RPA: Breaking Down the Hollywood Factor

Author: Allison Lovett, Vice President, Content Manager, NICSA

Technology seems to be a central theme, one that permeates every business line of the asset management industry today—and RPA is beginning to take center stage. During the recent “A Closer Look at RPA in Financial Services” webinar (NICSA members can access the replay here), we invited several industry leaders well versed in the topic to take a deeper dive into robotic process automation.

Our panelists dove into the key principals governing the implementation of RPA within financial services. Tom South, Executive Vice President and Chief Business Architect at Northern Trust, laid out the importance of treating RPA like any other automation software, with a keen focus on infrastructure, security, and scalability.
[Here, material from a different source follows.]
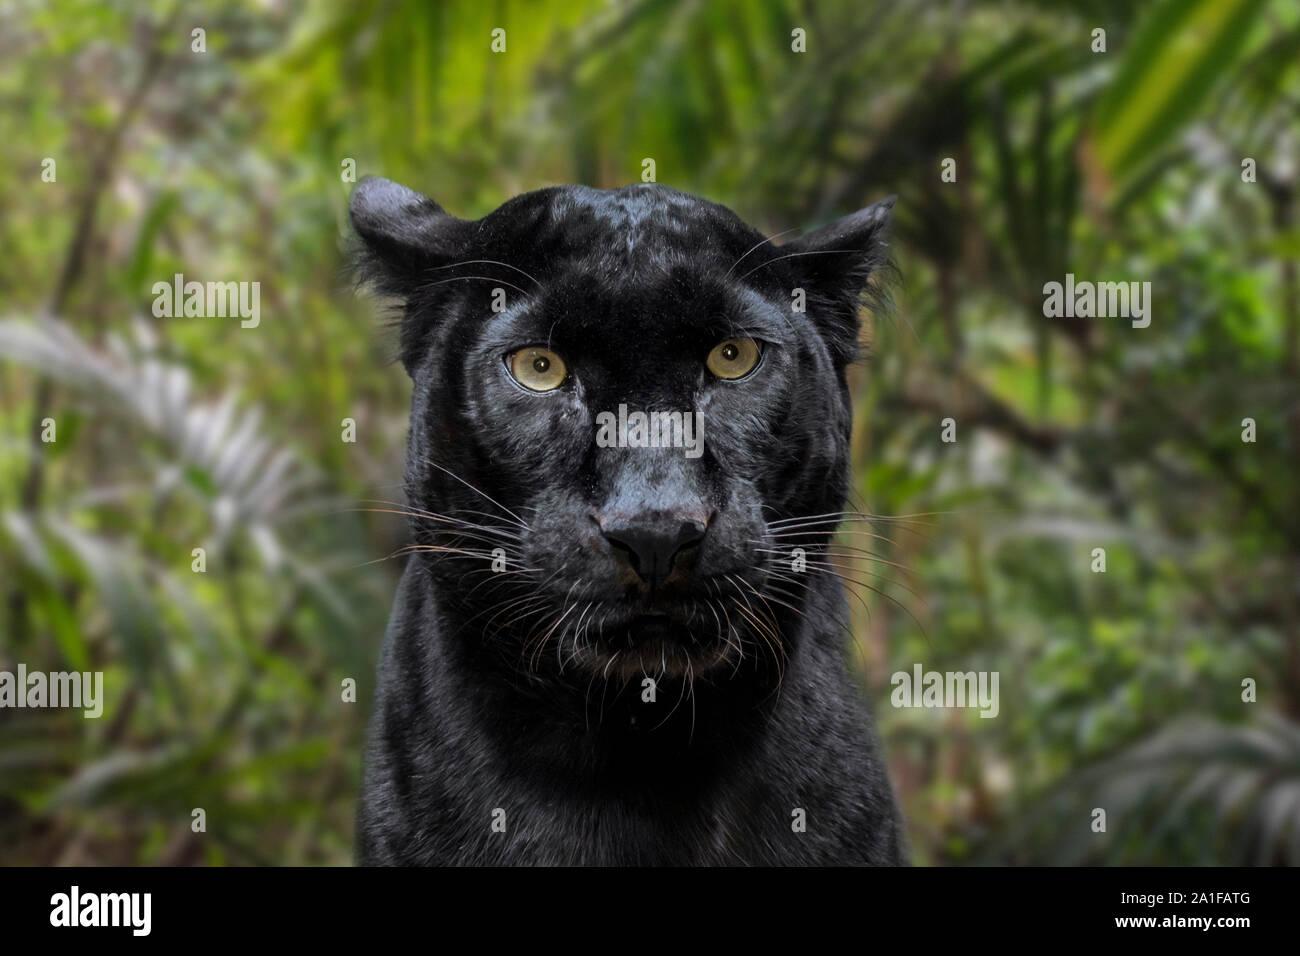 Melanistic leopard / Black Panther (Panthera pardus) en forêt tropicale, originaire d'Afrique subsaharienne et l'Asie Banque D'Images

Change management and pipeline development were tagged as key elements in the implementation process. BNY Mellon’s RPA Lead Architect & Control Manager Joseph Gabiger used the analysis of a software development life cycle analysis and echoed some of the same types of disciplines.

Augmentation not automation.

Both experts agreed that retention of key expertise is essential to the value propositions of many financial institutions. Even for some of the most industrialized processes, expertise is one of the reasons clients choose a particular firm. The goal for these firms, therefore, is not to completely supplant certain functions, but rather to augment the people that do it. As one panelist aptly explained, “Expertise is hard for a client to mine out of a robotic agent. So, there’s always going to be a people component of what we’re doing.”

RPA is paving the road toward more business agility and more customer interaction.

Changing the innovation mindset of an organization starts with getting a true assessment of the costs and benefits. How do executives evaluate the softer benefits of RPA while taking stock of ongoing costs? Kelley Mavros, Partner at Strategy& (the global strategy consulting firm at PwC) took us through a holistic view of RPA integration. In addition to the infrastructure efficiencies, she laid out the softer benefits such as reallocating individuals to more customer facing roles and data analytics. Listeners also got a good overview of the long term implications of large scale adoption from HR policies, to company culture, and staffing pitfalls.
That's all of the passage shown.